Databases

Databases pose an interesting problem. They are used to store large quanitities of similar data. Take a customer database for example. We want to keep a record of all of our customers’ information.

The first step is to determine what data is available to us. Then we look at how to organize our data into tables. There is a lot of discussion on 3rd normal form in terms of database orgainzation. Generally I agree with this, but there are practical reasons for diverging slightly from that in practice even those it is consistent with the concept. That is the use of ENUM fields instead of mini-tables (also referred to as code tables) when the list of values is relatively small.

In our customer database we can group information in the following ways:

  • data referring to the customer such as:
    • name
    • billing address
    • shipping address
    • phone
    • account number
    • primary contact name
    • account balance
  • data referring to customer transactions such as:
    • transaction number
    • order
    • returns
  • data referring to customer comments
  • data referring to customer notes

This isn't intended as an exhaustive list, but simply one we can use for this example.

Notice anything in this information? Some of the information seems to be similar in format to other information. Shouldn't these be grouped independently?

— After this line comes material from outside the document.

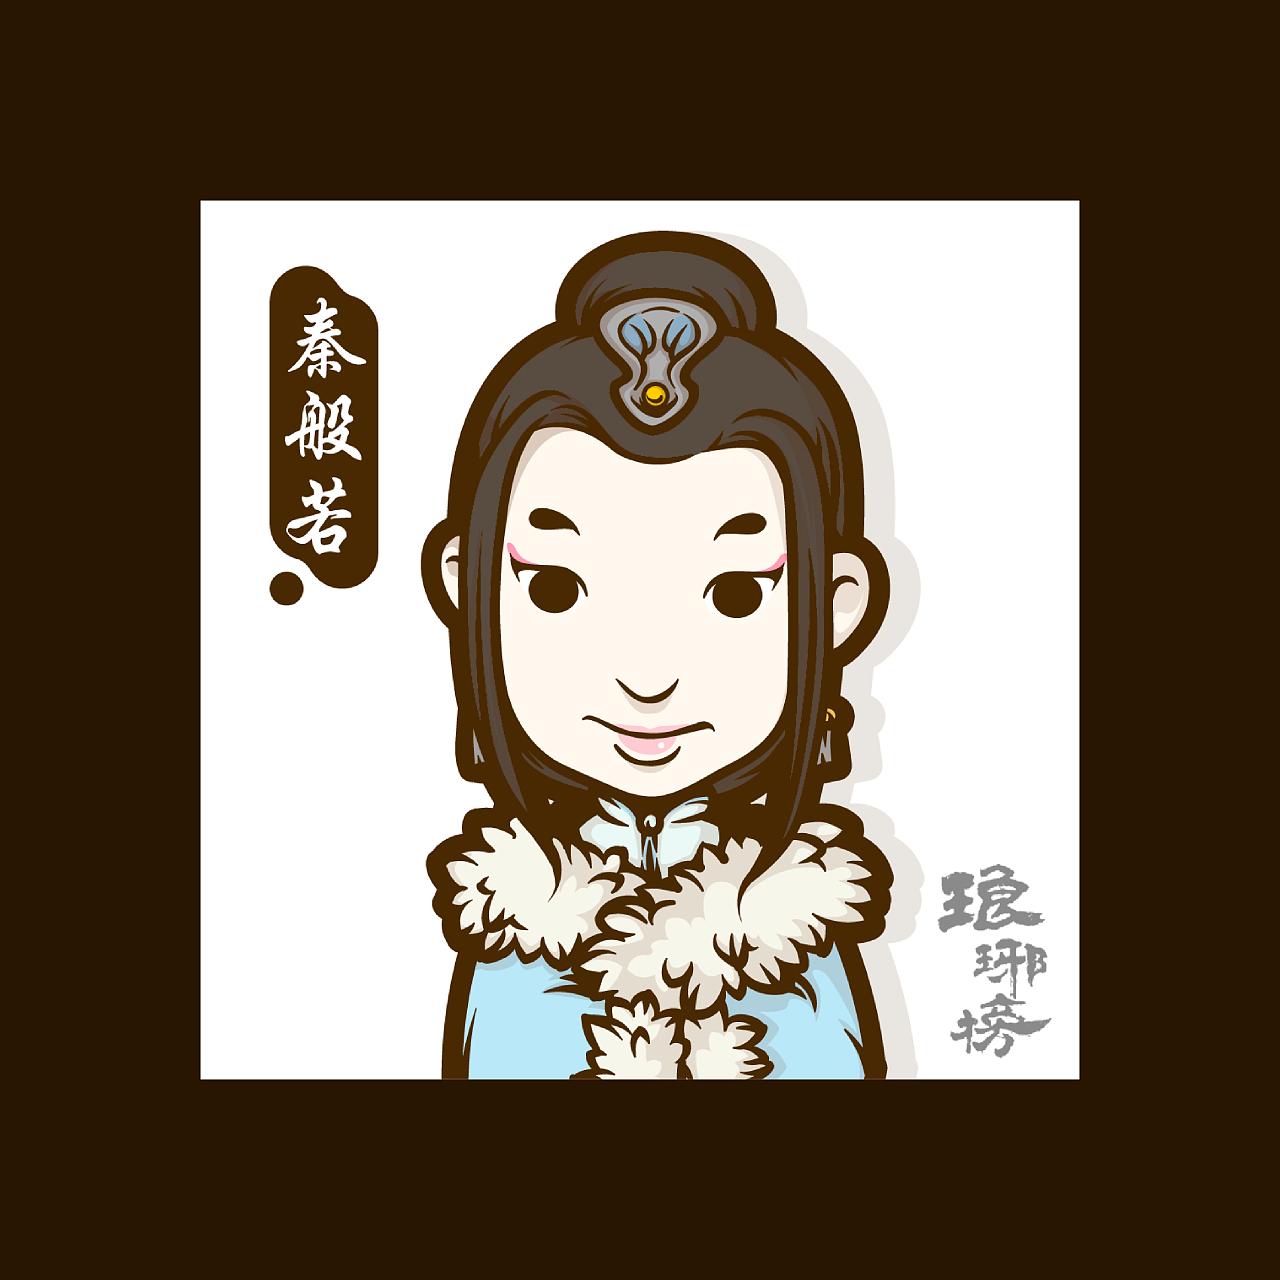 煲剧-琅琊榜 人物卡通形象设计图片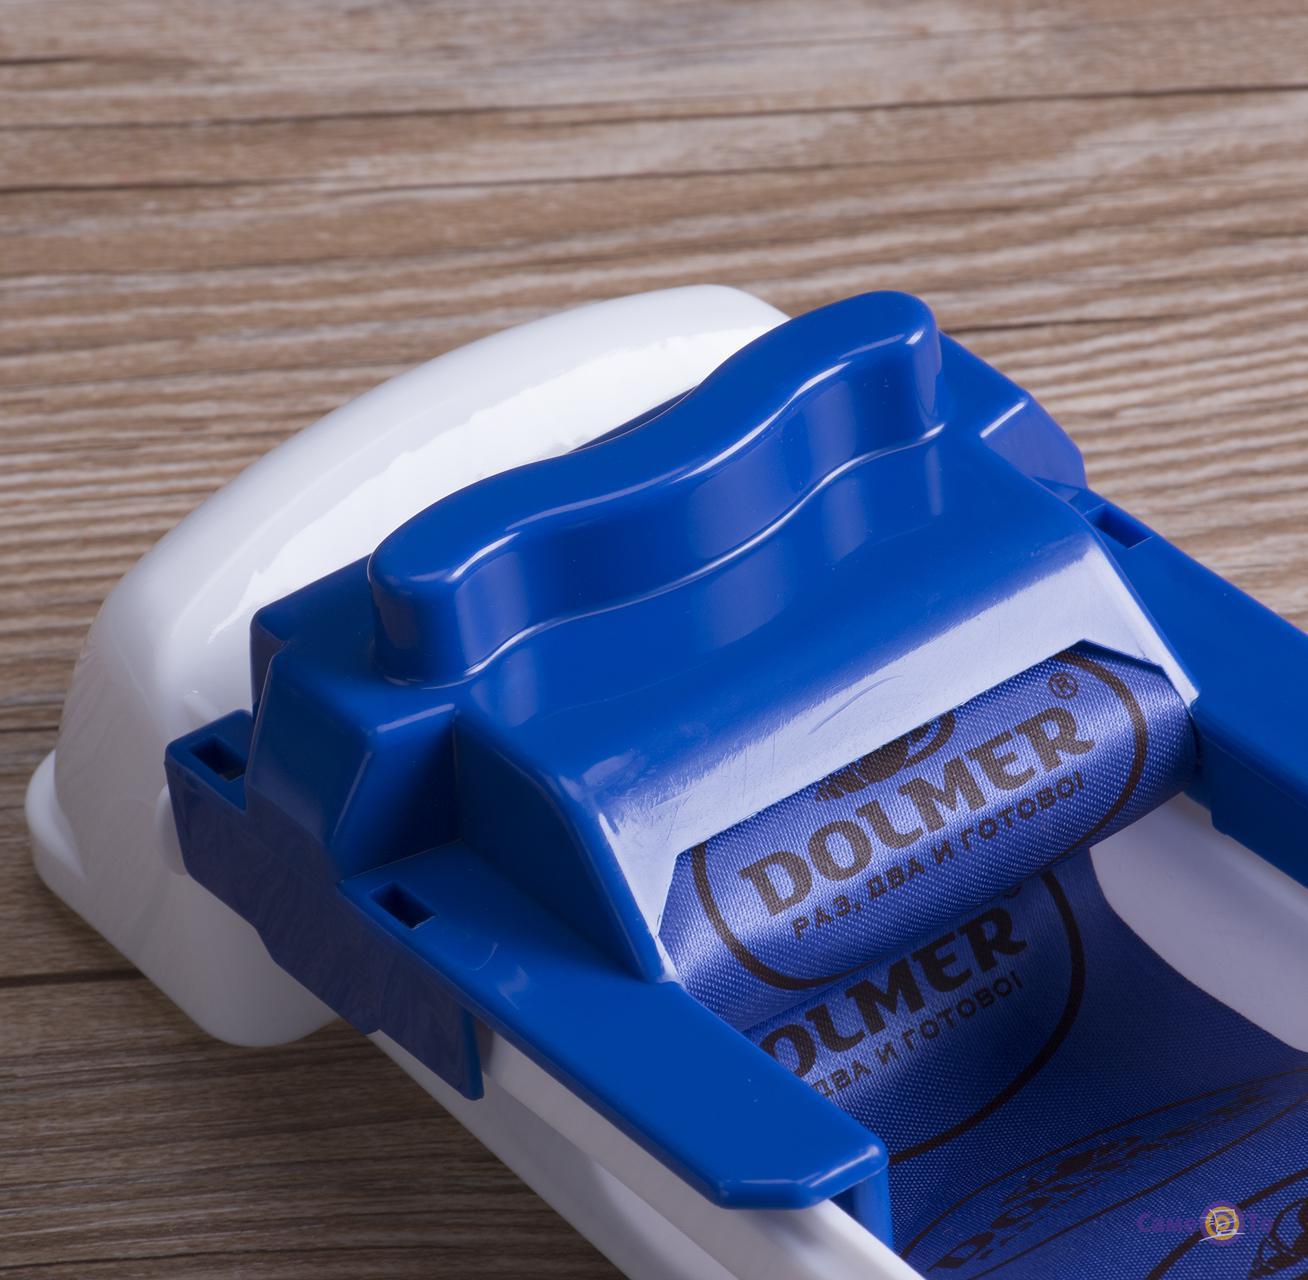 Долмер Dolmer - устройство для приготовления долмы и голубцов

Yes, they should.

So we can start to break this data into logical tables.

  • A customer table:
    • id
    • customer name
    • account balance
  • An address table:
    • id
    • customer id
    • type
    • street
    • city
    • state
    • postal code
  • A contact table:
    • id
    • customer id
    • type
    • name
    • work phone
    • cell phone
    • home phone
  • An order table:
    • id
    • order date
    • customer id
    • ship date
    • address id
  • A product table:
    • id
    • name
    • description
    • price
  • An order detail table:
    • id
    • order id
    • product id
    • quantity

OK, that's enough to work with.

Now you are asking yourself, "Didn't this just get really complicated?" The answer is a qualified "yes." OK, so why did we do it then? Aren't we always striving for simplicity? Of course, but sometimes you need to break things apart to put them together more easily.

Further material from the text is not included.